To expect any snark or nosedigs from a film like this, whose sole purpose is to stay fully worshipful as it catches fans (including Amitabh Bachchan and Aamir Khan) saying worshipful things about him would be asking for the impossible. Sachin: A Billion Dreams has clearly been mediated by Sachin himself: the choice of what is personal and what is public has been carefully sifted, ignoring dressing-room politics (an askance Azharuddin glance at the rising star at a moment when Sachin is appointed captain is there, but it’s just a flash). Also left out are meaningful details of the controversial, ugly aspects of the game, especially when the match-fixing scandal broke and nearly broke its back. And to even expect a mention of a custom-fee-waived Ferrari ‘ki sawaari’ would be silly.

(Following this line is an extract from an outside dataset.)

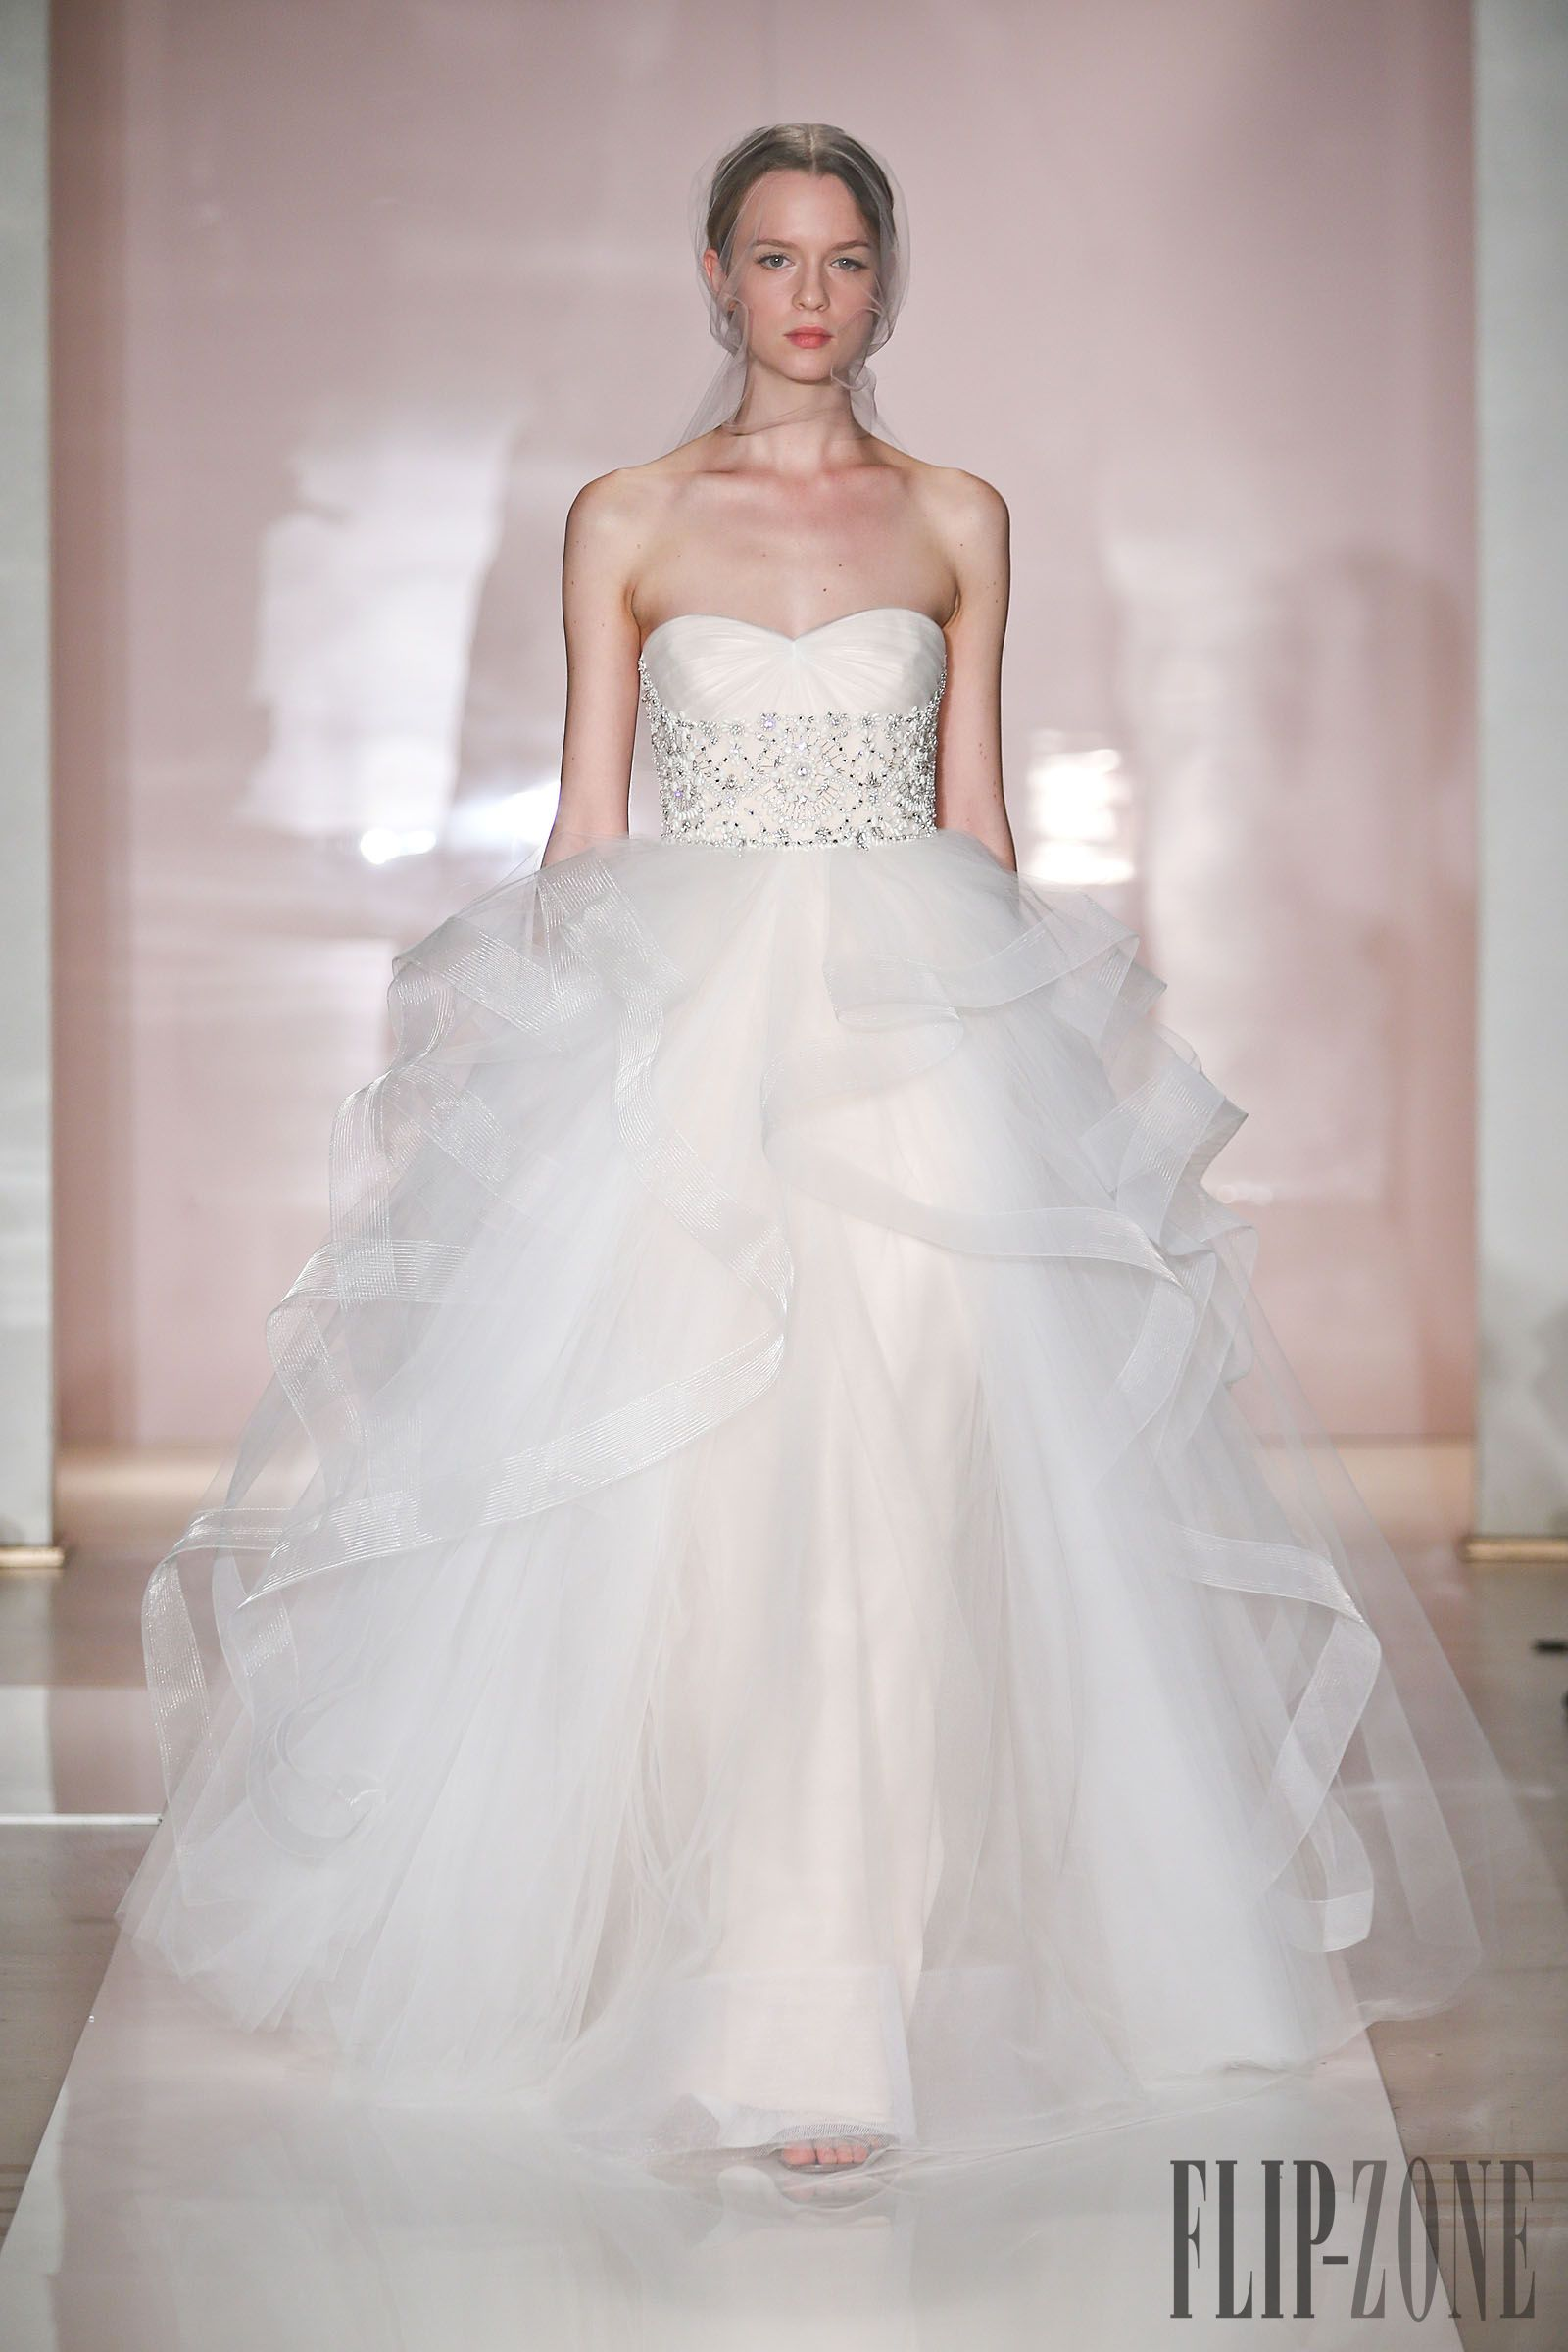 リーム・アクラ [Reem Acra] 2014春夏 - ウェディングドレス | wedding ...

Having said that, Erskine takes all-too familiar material and makes of it an engrossing film, for both fans who may claim to know more about him than he himself, as well as those who may not live and breathe Sachin. It glides seamlessly from one big ticket event in Sachin’s life to another — the lucking into Achrekar Sir, his coach, the moment he saw Anjali for the first time, the time he held his newborn first, the losing and gaining of the captainship of the Indian time, the vocal disappointment after big losses, and a vital look at the blood and sweat that goes into the making of a successful sports star.
But the failures are all glossed over, and his big wins are presented as India’s wins. ‘When Sachin is quiet, India is quiet’, declares another cricketing star in the film. And when he hits a ton, a double ton, a four, a six, the nation erupts, as did most viewers during the first day first show.
For a movie made as a fulsome tribute, the challenge is always going to be to keep someone who is not bananas about the game (which includes your faithful critic) to stay with the film: I did, and enjoyed almost every minute of it, cheering at the World Cup win, blinking back tears at Sachin’s farewell speech, even while asking for more.